Every year, in almost every country around the world, people do their part to clean up our Earth. Recycling programs are everywhere, and whether our involvement is large or small, we all contribute to help make our home a better place. But what about our Earths home? Who is looking out for outer space?
Interesting Facts
In 1999 it was estimated there were 4 million pounds of space junk in low-Earth orbit, made up of 110,000 objects larger than 1 cm. -- large enough to damage a satellite or space-based telescope. For example, a tiny speck of paint from a satellite dug a pit in a space shuttle window nearly a 1/4 in. wide. In 1996, only 2 years after it went up, part of a Pegasus rocket made the most space debris by a spacecraft's destruction. It created a cloud of 300,000 pieces bigger than 4 mm, 700 of which were big enough to be catalogued. This event doubled the Hubble Space Telescopes collision risk.
More Facts
In 1958, Americas 2nd satellite, Vanguard I went into orbit. It worked for only 6 years, but is still up in space. The most dangerous garment in history orbited with a speed of 28,000 km/h for one month in 1965. Edward White, a Gemini 4 astronaut, lost this glove during the 1st American space walk. The Mir space station sent more than 200 objects into space in its first 10 years of operation. Most of them were garbage bags. In June 2000, the total number of trackable space objects included 90 space probes, 2,671 satellites and 6,096 pieces of space junk.
Gabbard Diagrams
We can use scatter plots to study space debris clouds from satellite breakups. Perigee and apogee altitudes of the individual debris fragments after a collision are plotted with respect to the orbital period of each fragment. By plotting these graphs, we can estimate an objects direction and point of impact.
Examples of Debris
Collisions in Space
This photo shows the antenna dish of the Hubble Space Telescope which was completely penetrated by space debris.
Re-Entry
On 21 January 2001, a Delta 2 third stage, known as a PAM-D reentered the atmosphere over the Middle East. The titanium motor casing of the PAM-D, weighed about 70 kg, & landed in Saudi Arabia about 240 km from the capital of Riyadh.

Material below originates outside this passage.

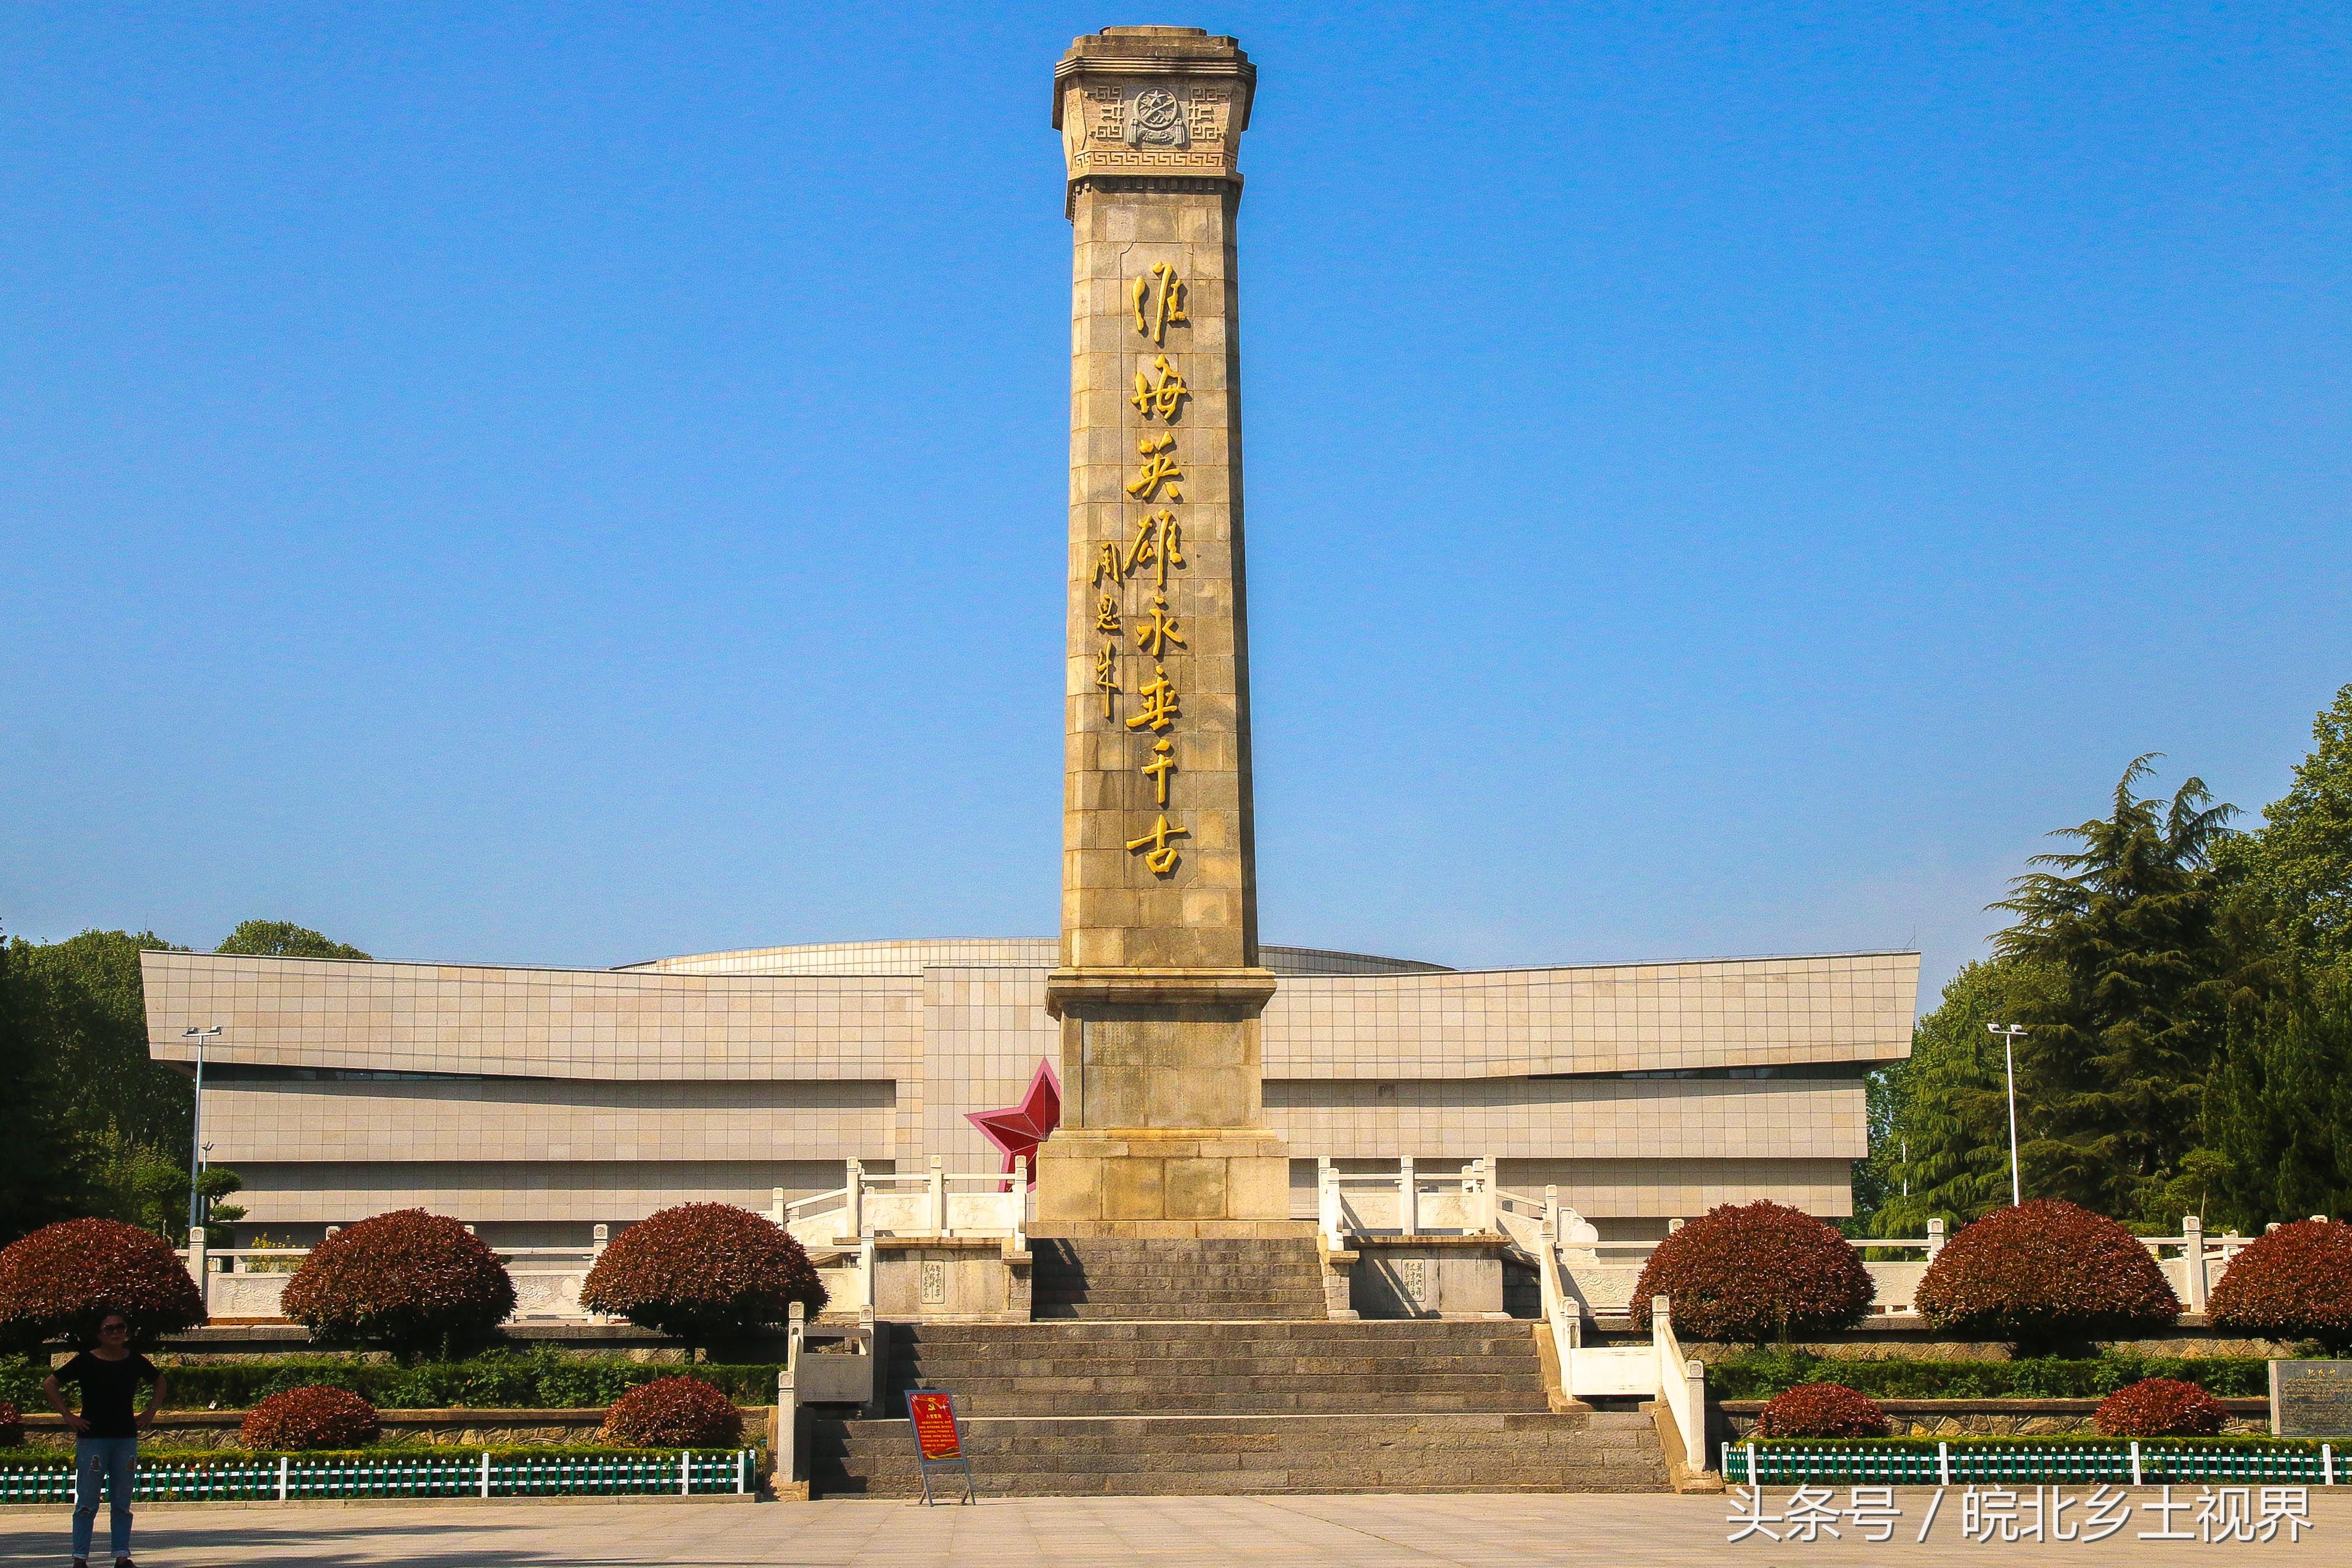 实拍淮海战役陈官庄纪念馆,14张图,战役中用的

Parts from the second stage of PAM-D fell in Georgetown & Seguine, TX the following day.
Possible Solutions
Alternate Orbit
Sometimes it would require too much fuel to de-orbit a satellite from its path. In these cases, it can also be brought to an orbit where atmospheric drag would cause it to deorbit after some years. This has been done! The French Spot-1 satellite, brought its time to atmospheric reentry down from an estimated 200 years to about 15 years by lowering its perigee from 830 km to about 550 km.
Terminator Tether
When a satellite has completed its task, it could be brought back down to Earth where it could be properly disposed of and/or recycled. This could be done with the use of a "terminator tether," also called an electro-dynamic tether that is rolled out, and slows down the spacecraft.
Other Debris?
Unfortunately, many other ideas are either too expensive or unrealistic. These involve pulling space debris back into Earth's atmosphere by:
Using laser brooms to vaporize or nudge particles into rapidly-decaying orbits also called the Orion Project Huge aero-gel blobs to absorb impacting junk and eventually fall out of orbit with them trapped inside Instead, NASA currently focuses on preventing collisions by keeping track of the larger debris, and preventing more debris from littering space.
CounterClaims
Counterclaims
Major Michael Birmingham of the U.S. Space Command reported that 91 objects fell back into the atmosphere in all of 1998, and 69 in 1997. "Most objects that re-enter the Earth's atmosphere burn-up or re-enter over water," Birmingham said, noting that nearly threequarters of the planet is wet and a great majority of what's dry is uninhabited. "Since the space surveillance mission began, almost 17,000 objects that we track re-entered the Earth's atmosphere. Catastrophic re-entries are rare and the exception."
Armored Devices
"We get hit regularly on the shuttle," said Joseph Loftus, assistant director of engineering for NASA's Space and Life Science Directorate. "We've replaced more than 80 shuttle windows because of debris impacts."
Because of small collisions, some spacecraft, like the International Space Station, are now armored to mitigate damage from space debris.